A couple of X-15A-2s…

Howdy. Here are a couple of cardmodel X-15A-2 builds. Since eight pilots became astronauts flying the X-15, I thought this would be the category for them.

The black version is a digital repaint of the well-known X-15A-2 card model designed by Ken West, in 1/32nd scale. Ken’s model represents the X-15A-2’s earliest flights, and this repaint depicts Flight 2-50-89, flown 18 November 1966. Pete Knight flew 66671 to Mach 6.3 — 4,250 mph. It was the X-15 program’s first flight past Mach 6 and set an unofficial speed record.
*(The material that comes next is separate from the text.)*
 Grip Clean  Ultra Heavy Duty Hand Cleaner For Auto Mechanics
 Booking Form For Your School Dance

On this particular mission, 66671 carried some test patches of ablative material that were orange in color. The material was on the nose, nose landing gear door, main landing gear, upper left horizontal stabilizer, part of the lower ventral and some panels on the right side tunnel. White stripes (camera targets) were painted on the underside of the fuselage and wings and, yeah, the fuselage stripe was actually a little crooked on the real thing.

I built the model pretty much stock, using 170gsm glossy cardstock. I added a few scratchbuilt details here and there to improve accuracy. I left out the cockpit interior. Once the canopy is on, you can’t see much through the windows anyway. The external tanks were also digitally repainted. The tanks with Ken’s kit represent dummy tanks that never flew. I used aluminum foil to replicate the tanks’ bare-metal sections — highly reflective on the left tank and a dull silver on the right.
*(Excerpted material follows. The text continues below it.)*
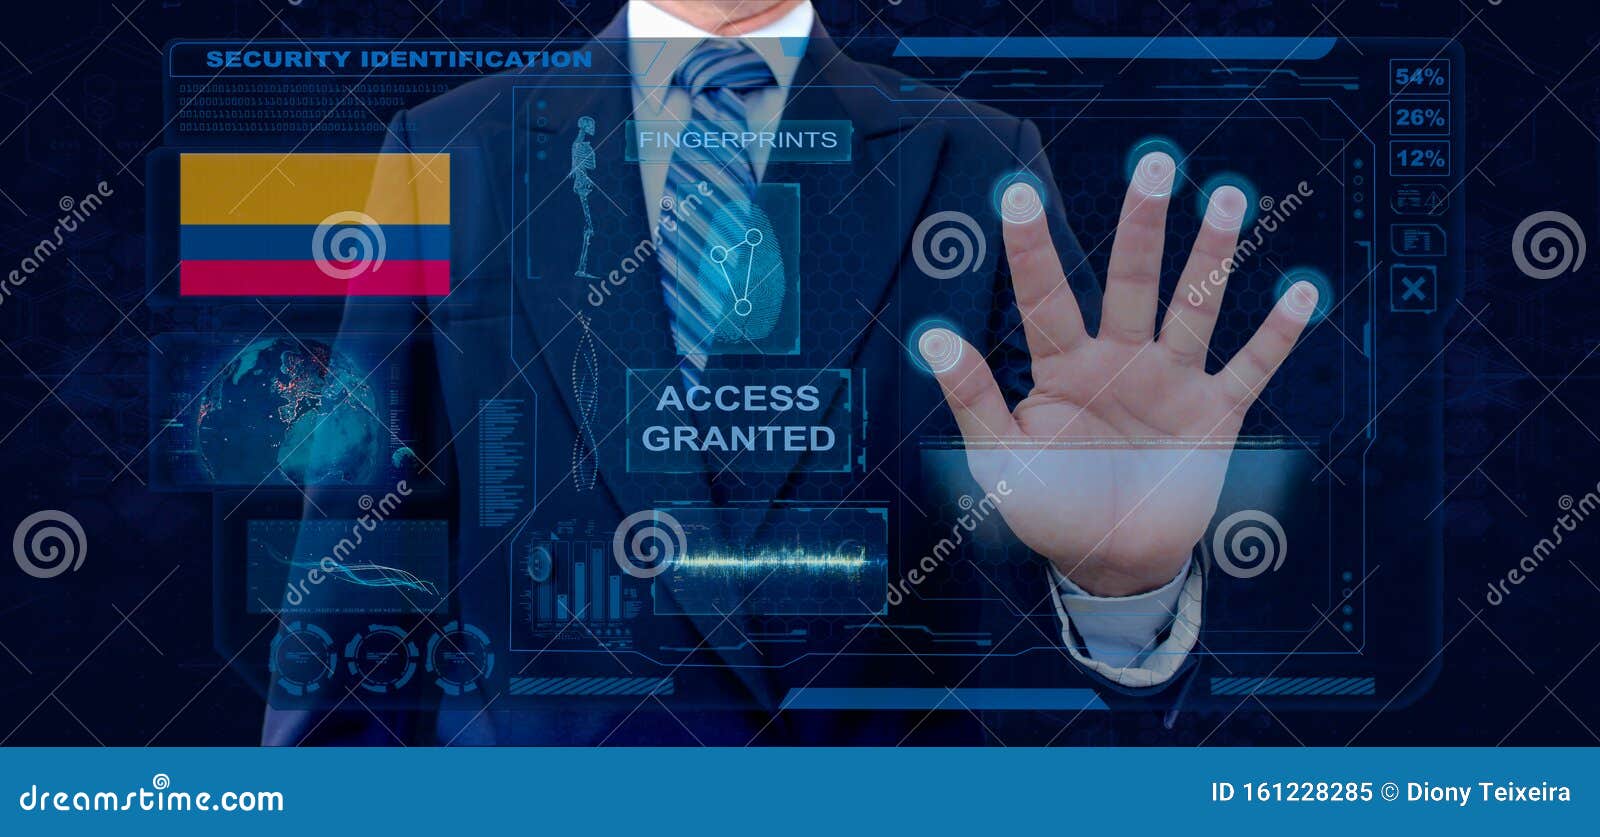 finger print biometric scanning identification system. businessman scan fingerprint biometric identity and approval. colombia

The white X-15A-2 is in 1/48th scale, and depicts 66671 as it appeared on Flight 2-53-97. On that flight, on 3 October 1967, Knight broke his own record, hitting Mach 6.7, or 4,520 mph. It was also the X-15A-2’s last flight.

The model is a digital repaint and redesign (to turn it into the stretched X-15A-2) of an X-15 model originally designed by Henry Yuen. His model is 1/87th scale, but I enlarged it to 1/48th.

The white X-15A-2 is fairly popular among modelers, but most modelers (and model manufacturers) get the color and markings wrong for Knight’s speed-record flight. It’s not entirely their fault.

The white coating was an RTV sealant used to cover the MA-25S ablative, which was dark pink. When exposed to liquid oxygen, MA-25S had a nasty habit of exploding if struck. To prevent that, the ablative was covered with a sealant. Technicians sprayed it on, but on the underside of the wings and tailplanes — where the threat of a dropped tool was pretty low — they weren’t worried about full coverage. In-flight photos of the white X-15A-2 show the underside of the wings and tailplanes with a streaky appearance, with pink showing through. The top and rear of the rudder, the top of the housing for the pressurization dome and the ends of the side tunnels were not covered with ablative or sealant.

Now for the markings, which the vaunted Special Hobby kit (and every other kit) gets wrong. By the time of Knight’s speed-record flight, NASA’s photo coverage of X-15 flights was pretty sparse. As a result, some photos of two earlier white X-15A-2 flights (one a captive flight with tanks and another a powered flight without tanks) often get misidentified — even by NASA — as being from the speed-record flight.

On the captive flight, the dummy scramjet had a white nose spike. On the tankless powered flight, the scramjet had a black horizontal stripe. The skids of the main landing gear were covered in an orange ablative material on both flights. The right ventral speed brake had H2O2 COMP. DRAIN and H2O2 JETT on it, in black.

On Knight’s speed-record flight, the dummy scramjet was white but the spike was an orangey color that appeared to be painted freehand. The skids were covered with the white sealant. The right ventral speed brake had only H2O2 JETT on it; the H2O2 COMP. DRAIN notice was omitted.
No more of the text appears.